American baseball player

Jeff Ledbetter (born December 25, 1959) is an American former baseball player who was named player of the year in college baseball by Baseball America and Sporting News in 1982. He played professionally in the minor leagues from 1982 to 1986.

==Early life and education==
After being drafted by the New York Yankees in the 22nd round during the 1978 Major League Baseball draft out of Largo High School, Ledbetter planned to decline the offer and attend college.

In season records, Ledbetter had the most RBIs for Florida State with 95 in 1981 and 124 in 1982. He was also the college's 1982 batting average season leader with a .381 average. For almost 40 years, Ledbetter has held multiple career records for Florida State with 97 home runs, 346 RBIs, and 704 total bases. As an NCAA Division I college baseball player, Ledbetter led the 1982 season with 273 total bases. In home runs, LedBetter set records in 1982 with 42 season home runs and 97 career home runs.

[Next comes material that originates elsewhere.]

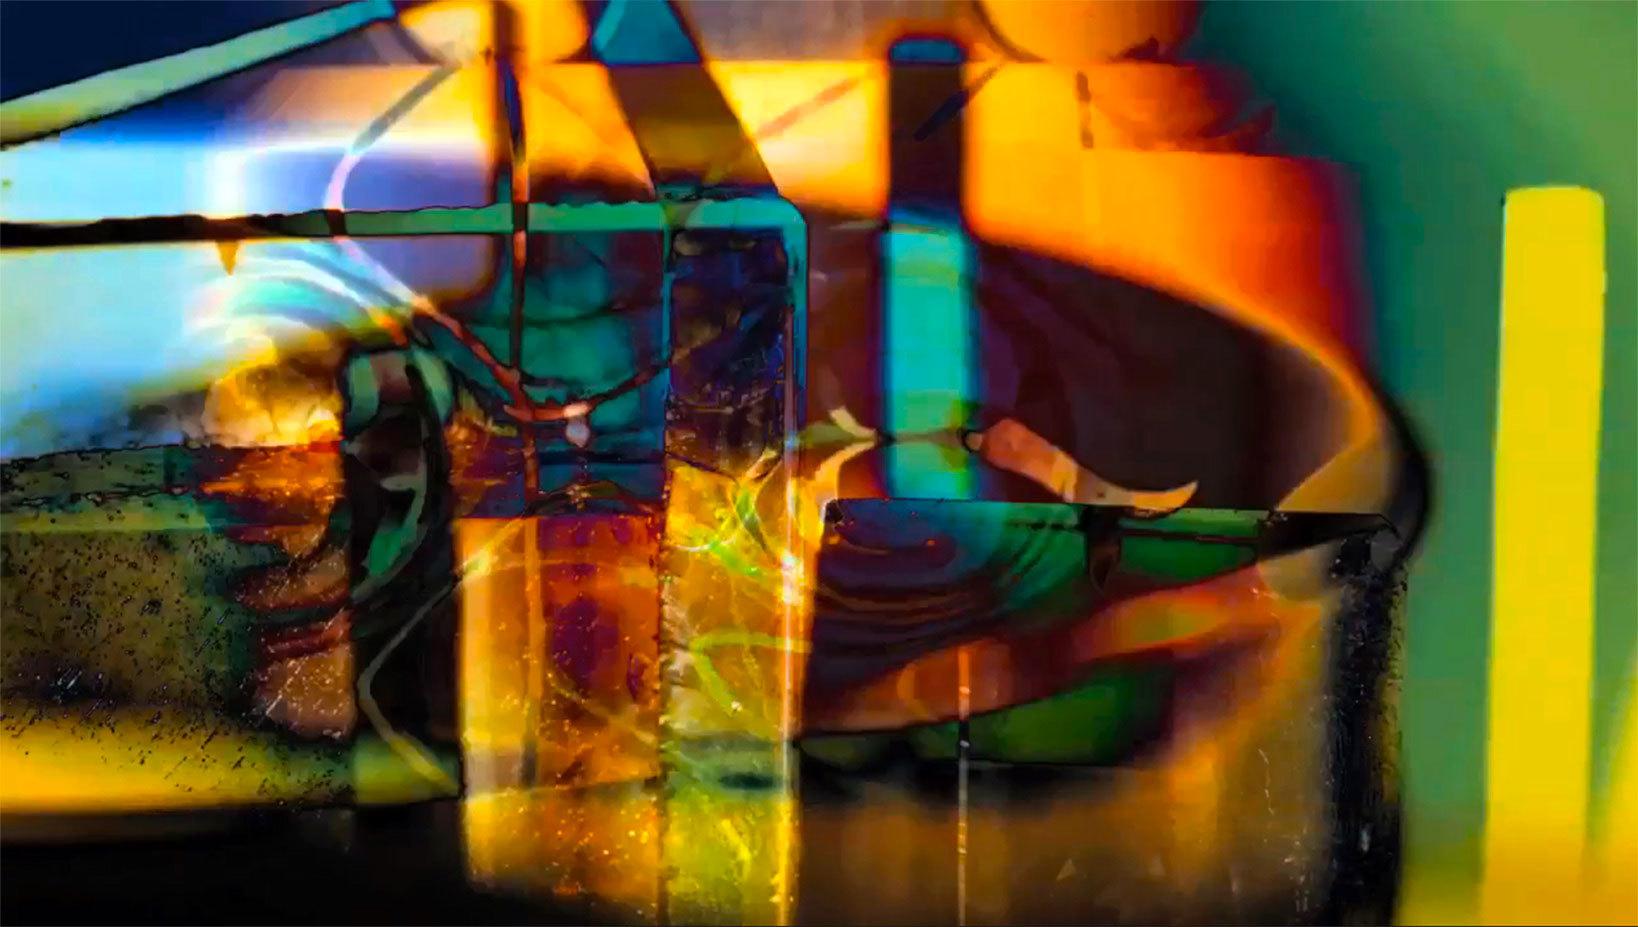 Laberinto de luz, de Eugenio Polgovsky

He held both Division I home run records for three years until they were broken by Pete Incaviglia in 1985. Alternatively, Ledbetter continued to retain a three decade NCAA Division I career record in 2019 with 346 RBIs. In 1980, he played collegiate summer baseball with the Hyannis Mets of the Cape Cod Baseball League and was named a league all-star.

==Career==
At the 1982 Major League Baseball draft, Ledbetter was drafted by the Boston Red Sox in the first round. He spent the 1982 season with the Winston-Salem Red Sox, where he struggled to start off his minor league career. In his first 50 games, he had a batting average of .207. By the end of the season, he had a .238 batting average and seven home runs in 62 games. The following season, Ledbetter played for the Winter Haven Red Sox, where he had a .274 batting average and nine home runs in 99 games.

In 1984, he spent the year with the New Britain Red Sox in the Double-A affiliate Eastern League, and hit .214 in 114 games. After the season ended, Ledbetter requested his release, which was granted, and signed with the St. Louis Cardinals organization. He split the season with the Arkansas Travelers and St. Petersburg Cardinals. His final professional baseball season was 1986, where he hit .180 in 27 games for Arkansas.

==Awards and honors==
Sporting News selected Ledbetter as an All-American during 1981 He was named All-America by the American Baseball Coaches Association in 1982. During 1982, Ledbetter was named player of the year in college baseball by Baseball America and Sporting News. In 1991, Ledbetter was inducted into the Florida State University Hall of Fame.